Despite the flaws of the undergraduate status quo, earning a bachelor's degree remains the wisest choice for motivated students—even with the debt that frequently follows. The same can't be said for many graduate degree programs.

'It's Not Worth $97,000 To Look At'

In 2021, USC quietly overhauled its MSW program.

For years, the school's online component had been a financial liability. Despite the high tuition, USC had entered a contract forfeiting 60 percent of tuition dollars for the online program to 2U. Getting high enough enrollment to make the program profitable required USC to lower its admissions standards, a move that tarnished the once-prestigious program's reputation. The school said it would improve its standards for prospective students and reduce the number of credits required to graduate, effectively cutting tuition by 25 percent.

Lowe had finished a year of the program when the changes were introduced. While she was able to graduate with reduced credit requirements, lowering her costs in her second year, she also felt that taking fewer classes further widened her educational gaps. Even with the reduced costs, the program was still incredibly expensive—and still left Lowe and many other graduates feeling cheated out of an education.
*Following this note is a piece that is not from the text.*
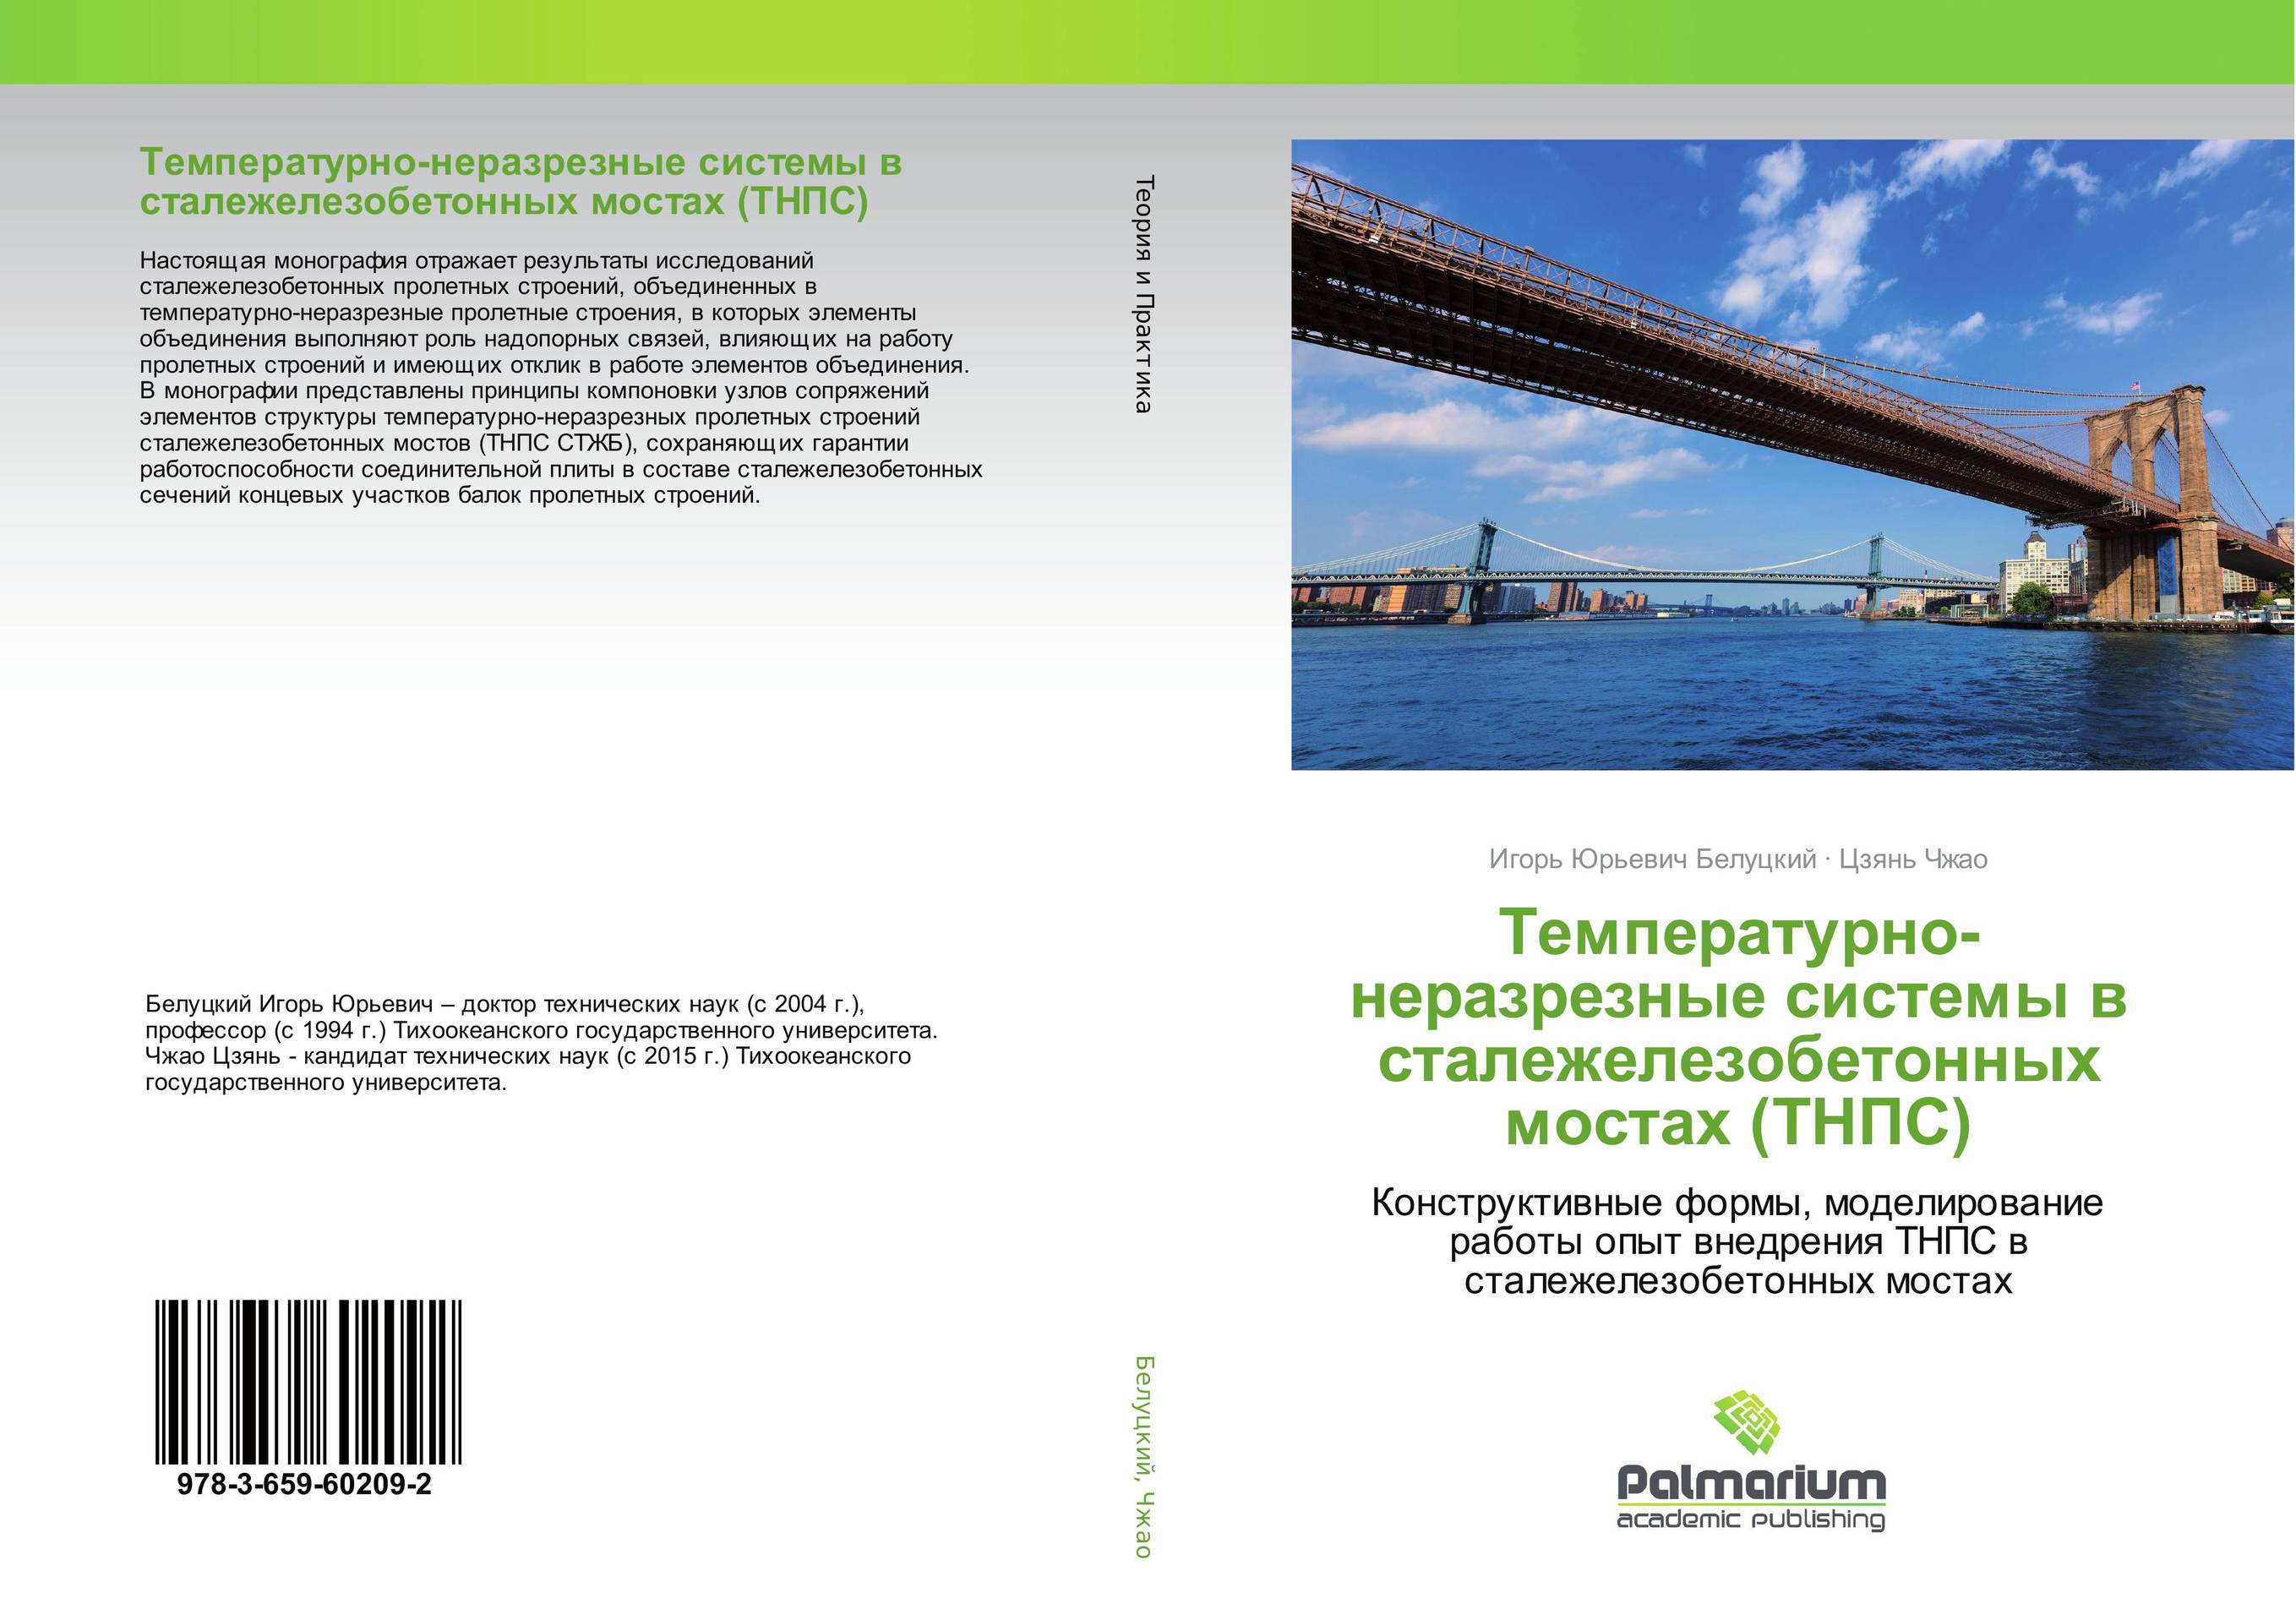 
        Температурно-неразрезные системы в сталежелезобетонных мостах (ТНПС). Конструктивные формы, моделирование работы опыт внедрения ТНПС в сталежелезобетонных мостах.

"It's good to look at," Lowe says of her degree. "But it's not worth $97,000 to look at."

If the government had not subsidized virtually unrestrained graduate borrowing, it's unlikely USC would have been able to justify such an expensive program in the first place. At the very least, students unable to pay out of pocket would have had a strong incentive to look elsewhere.

An online social work degree from USC simply isn't worth what the university was charging. Even with the Graduate PLUS program in place, USC finally felt compelled to lower its prices—after the threat of financial and reputational ruin became too much to bear.

But USC's social work school is just one program at one university. Hundreds more graduate programs are still taking virtually bottomless government funding while providing little utility for the students who borrow to attend them.

"I wish I wasn't so eager," Lowe says. "I feel like if they gave me my money back, I'd be OK with giving them back my degree."